1. Necessity for Information Collection

Section 35(d) of the Investment Company Act of 1940 (15 U.S.C. 80a-34(d)) (“Investment Company Act”), as amended by the National Securities Markets Improvement Act of 1996, prohibits a registered investment company from using a name that the Securities and Exchange Commission (“Commission”) finds by rule to be materially deceptive or misleading. Before section 35(d) was amended, the Commission was required to declare by order that a particular name was misleading and, if necessary, obtain a federal court order prohibiting further use of the name. In amending section 35(d), Congress reaffirmed its concern that investors may focus on an investment company's name to determine the company's investments and risks, and recognized that investor protection would be improved by giving the Commission rulemaking authority to address potentially misleading investment company names.1

The Commission adopted rule 35d-1 to address certain investment company names that are likely to mislead an investor about a company's investment emphasis.2 The Commission believes that investors should not rely on an investment company’s


name as the sole source of information about a company’s investments and risks.3 An investment company’s name, like any other single piece of information about an investment, cannot describe the investment company completely.4 As Congress has recognized, however, the name of an investment company may communicate a great deal to an investor.

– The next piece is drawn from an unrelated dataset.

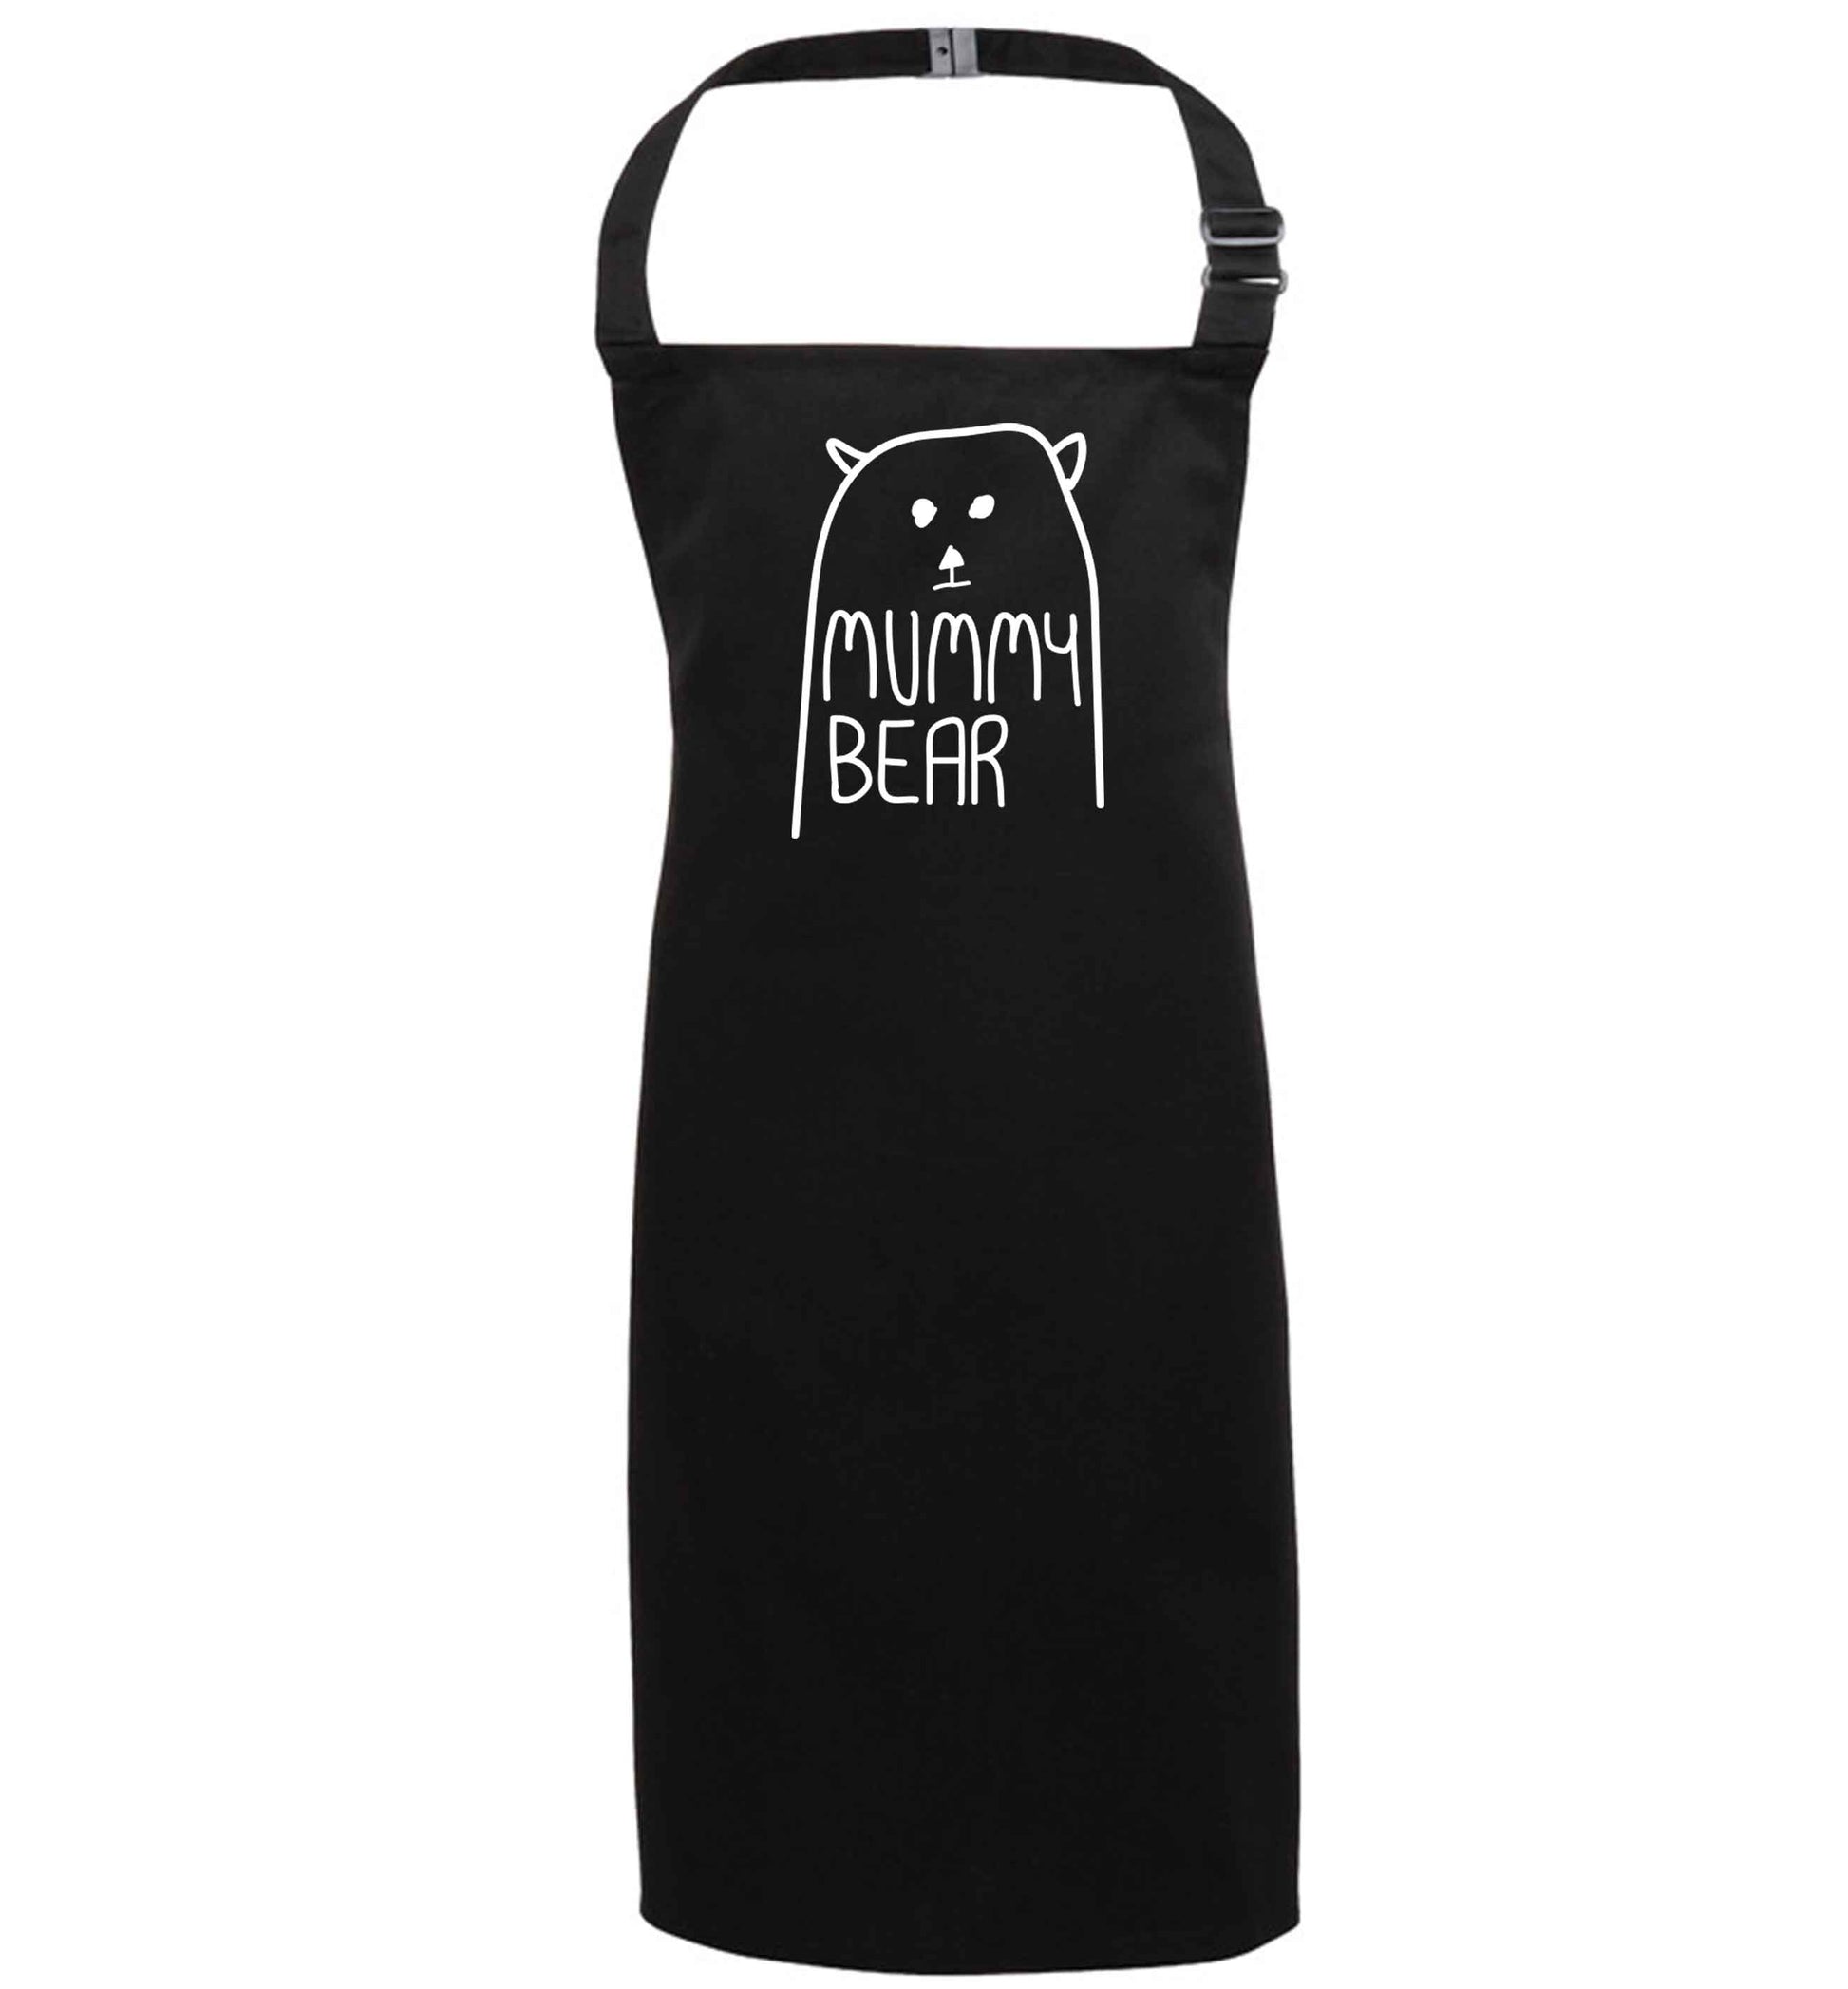 Mummy bear black apron 7-10 years

The objective of the rule is to address certain broad categories of investment company names that, in the Commission's view, are likely to mislead an investor about a company's investments and risks. The rule requires registered investment companies to invest at least 80% in the type of investments suggested by their names, if their names suggest investments in:

  • a particular type of investment (e.g., the ABC Stock Fund, XYZ Bond Fund, or QRS U.S. Government Fund);


  • a particular industry (e.g., the ABC Utilities Fund or XYZ Health Care Fund); and

  • a particular country or geographic region (e.g., the ABC Japan Fund or XYZ Latin America Fund).


Rule 35d-1 also requires an investment company that uses a name suggesting that its distributions are exempt from federal income tax or from both federal and state income taxes to invest:

  • at least 80% of its assets in securities the income from which is exempt, as applicable, from federal income tax or from both federal and state income tax; or


  • its assets so that at least 80% of the income that it distributes will be exempt, as applicable, from federal income tax or both federal and state income tax.

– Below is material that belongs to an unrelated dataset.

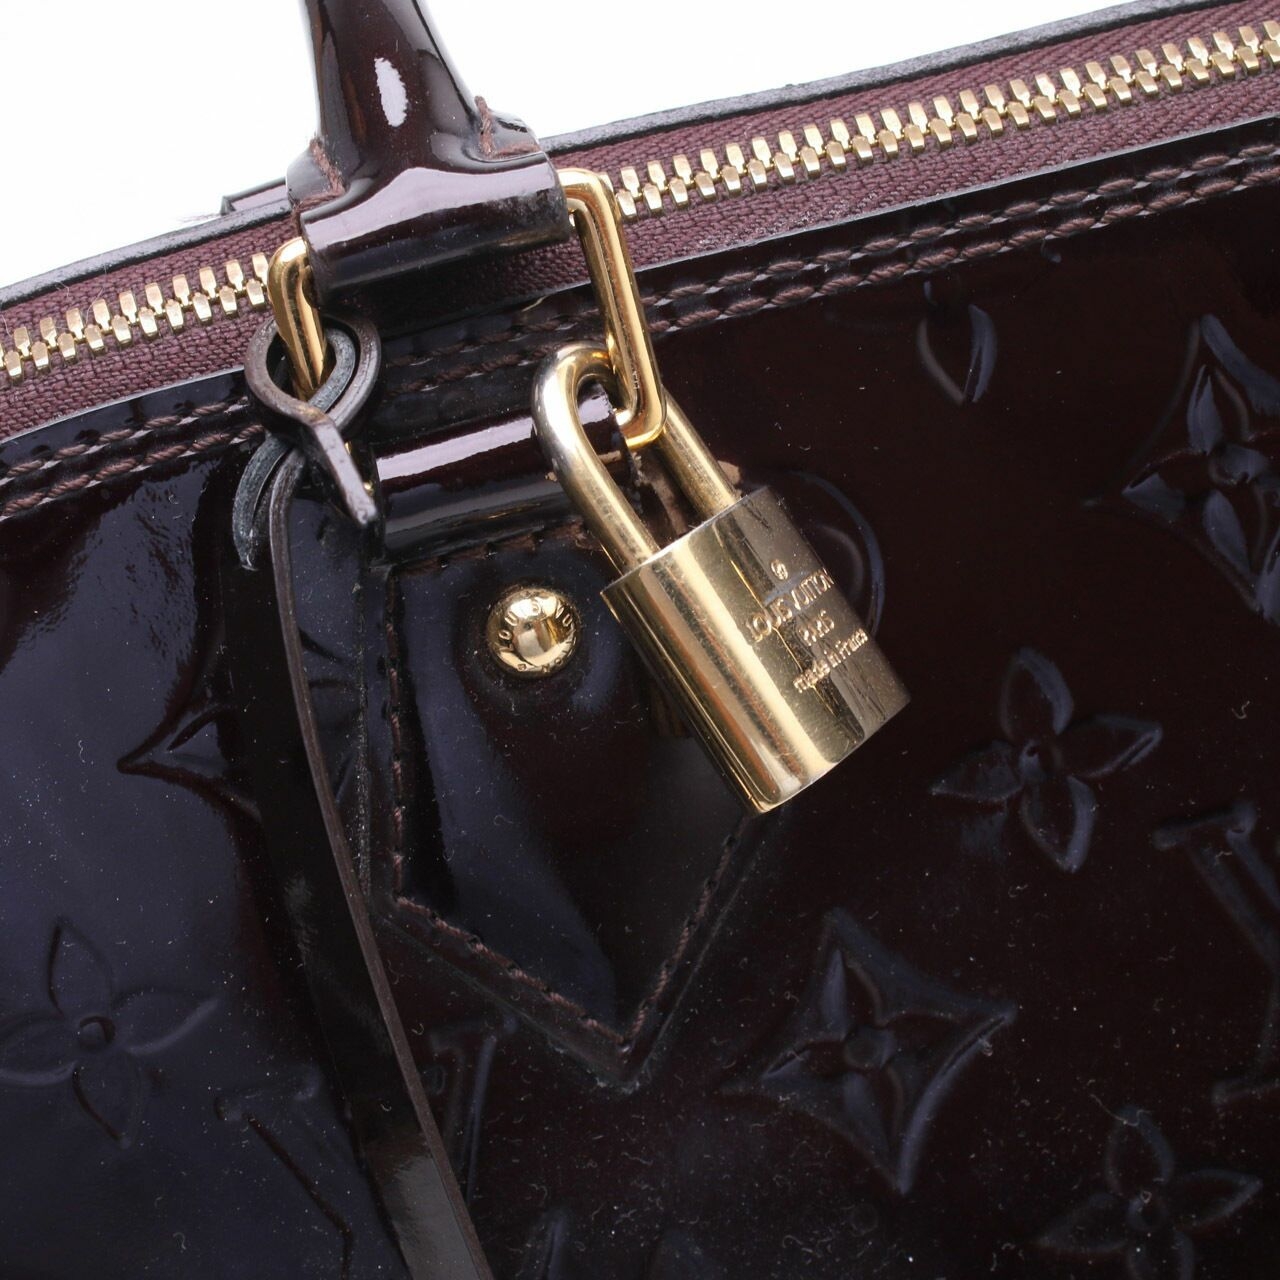 Louis Vuitton Alma GM Vernis Black Hand Bag

The rule also prohibits investment company names that represent or imply that the investment company or the securities issued by it are guaranteed, sponsored, recommended, or approved by the U.S. government or any U.S. government agency or instrumentality.

The rule generally requires, among other things, that the 80% investment requirement either must be a fundamental policy of an investment company affected by the rule, or the investment company must have adopted a policy to provide notice to shareholders at least 60 days prior to any change in its 80% investment policy in order for its name not to be deemed misleading under the rule. This preparation and delivery of the notice to existing shareholders is a collection of information within the meaning of the Paperwork Reduction Act of 1995 (44 U.S.C. 3501 et seq.).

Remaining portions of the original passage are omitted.